Note: It is illegal to collect seed from the wild in many cases unless you own the property or have permission from the owner. Collecting wild seed can endanger natural plant communities and even where seed is abundant is discouraged by naturalists and ecologists in any but modest amounts on private property. It is not permitted at all on protected lands such as our National Forests, State Parks, and preserves such as those of The Nature Conservancy.
I’ve noticed masses of small pale purple flowers along streamsides, in ditches, and low-lying areas around Floyd County. I believe these are our native Symphyotrichum puniceum, Purple-stem Aster, often called Swamp Aster though not by the Flora (read more).
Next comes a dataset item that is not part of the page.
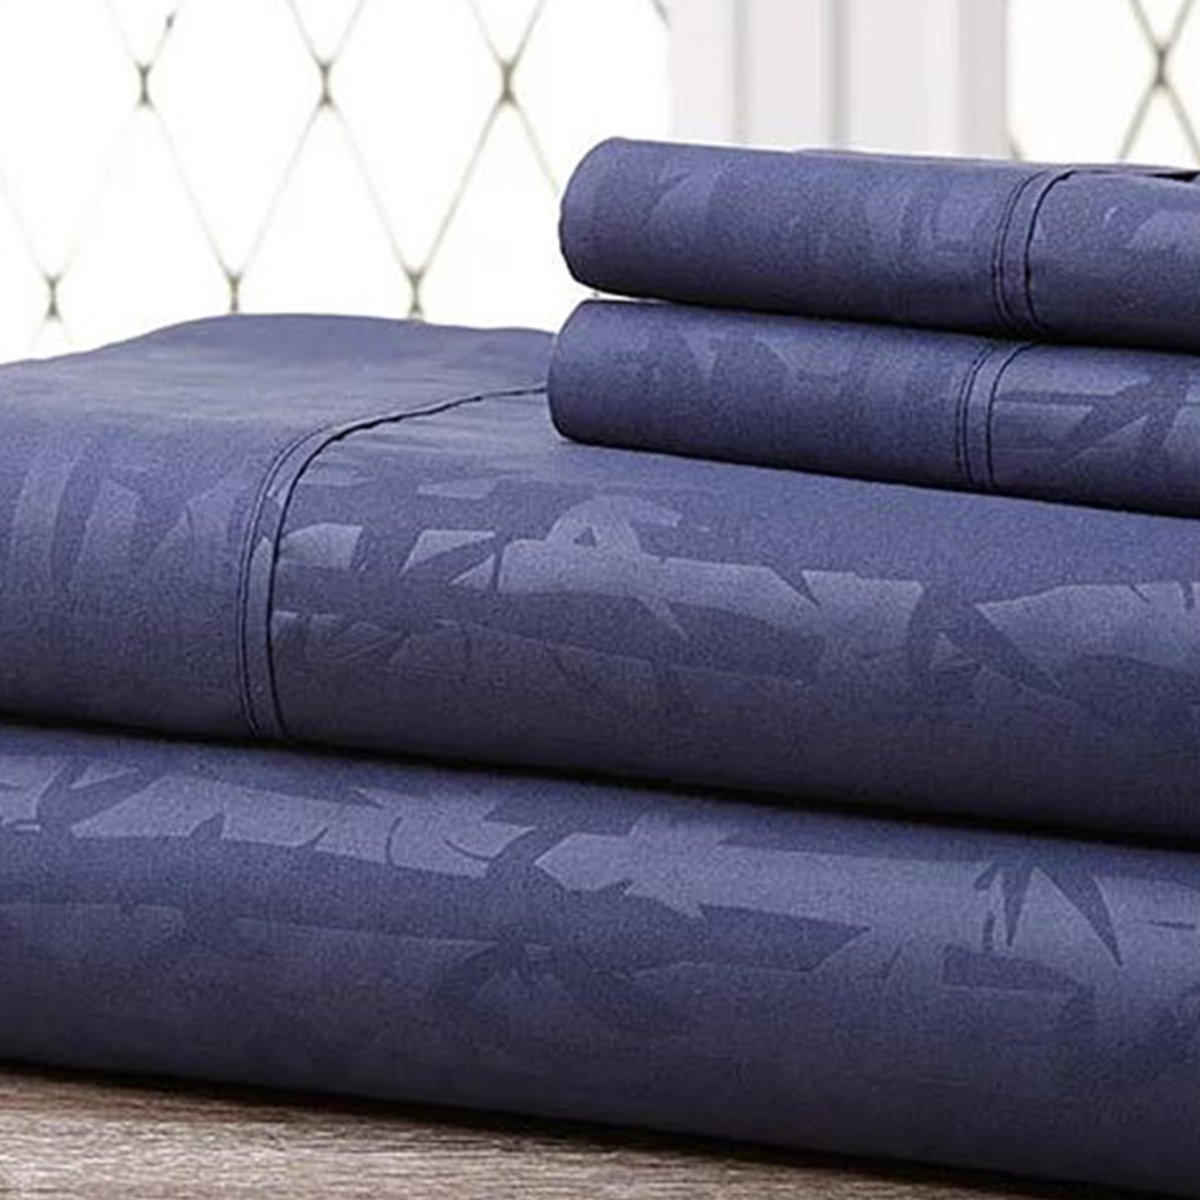 Hny-4pc-eb-nav-k Super-soft 1600 Series Bamboo Embossed Bed Sheet, Navy - King, 4 Piece
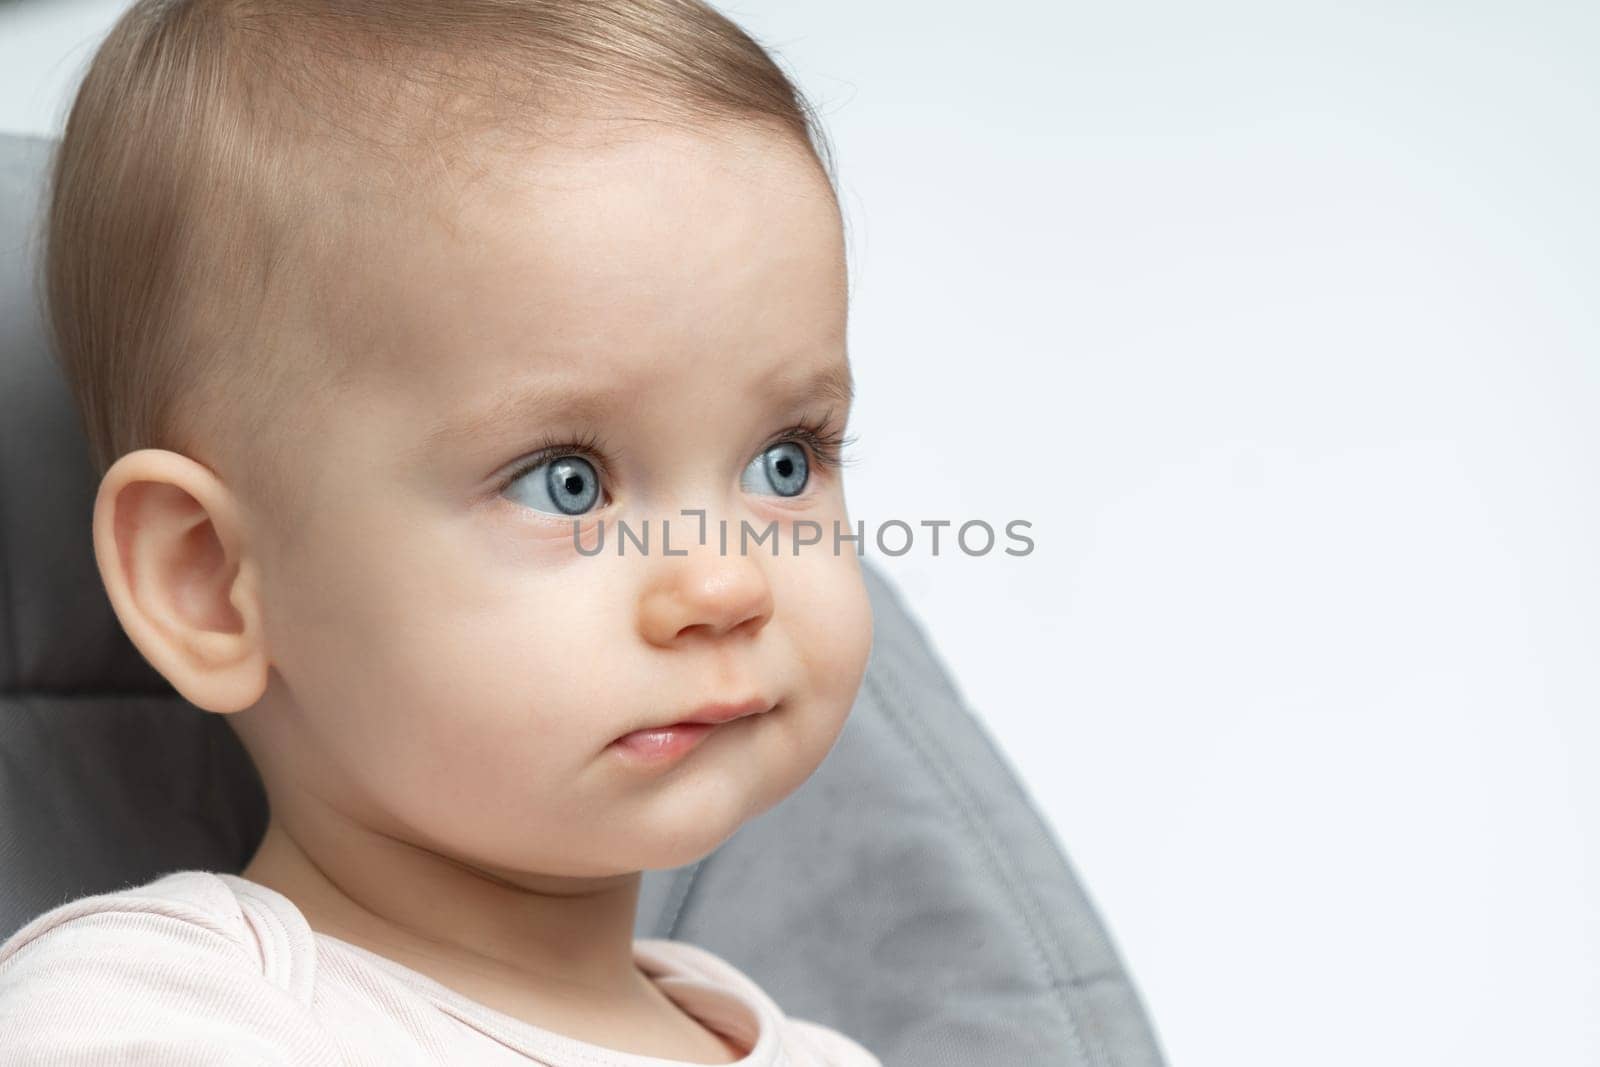 Baby's thoughtful expression caught in a close-up. Concept of early contemplation and the depth of young minds by Mariakray

I plan to collect seed in about a month once the seedheads have dried, since we have some growing above one of our roadside ditches. These like many native perennials require 60 days cold moist stratification, so I will start them in damp sand in the refrigerator probably in February with plans to plant in April when the nights are still cool. Prior to stratifying them, I’ll store the seeds in a paper envelope or ziploc baggie in a cool dark location.
Cold Moist Stratification
To cold moist stratify: I like using a steel mixing bowl and dry sand, thoroughly blending seeds into the sand, sprinkling sparingly with water until damp but not wet, then spooning the mixture into a ziploc bag. The bag is labeled with the name, date, and any other notes, the calendar marked for 60 days later, and the bag placed in the back of the fridge. Based on past experience with Symphyotrichum pilosum, I will not stratify a great quantity of seed, as I got bumper crops from only about 6 or 7 small flower heads.
To plant, good seedling or potting medium is filled and settled in a seedling tray supported by a daisy tray, and the medium is watered until well moistened if needed. Then the sand/seed mixture is spread across the surface of the tray until evenly distributed (this is an inexact science and not as tricky as it seems at first), and the whole tray is deeply but gently watered in with the mist setting on the hose.
Trays are set outdoors to sprout, which may take as long as 6 weeks or as little as 2 (I have not sprouted this species before). Setting on a table or off the ground will protect seedlings from slugs, especially if the legs of the table are set into water-filled containers. Overhead protection able to withstand hail and torrential rain is strongly recommended given Floyd’s propensity to stormy spring weather. Anything from a greenhouse to a brightly lit covered porch to a wire cage with row cover will do, so long as it allows light through and doesn’t interfere with watering.
Once seedlings sprout, after the second set of leaves has emerged, they can be transplanted into larger containers to grow large enough to plant. We used deep cell plug trays, my favorite for efficiency of space and soil as well as for producing a very sturdy plant that is much easier to transplant than larger pots. But you could plant into any kind of pot or container you like. Water every day until planted.
Planting time depends on root development and your ability to keep them watered until established. Maya Skopal once told me she plants native plants all year round and I’ve found this advice to be true. Not into frozen or sodden ground, but much of the year in Floyd the ground is pliable enough. Even during the height of summer you can have success so long as you water them the first few weeks and again during drought.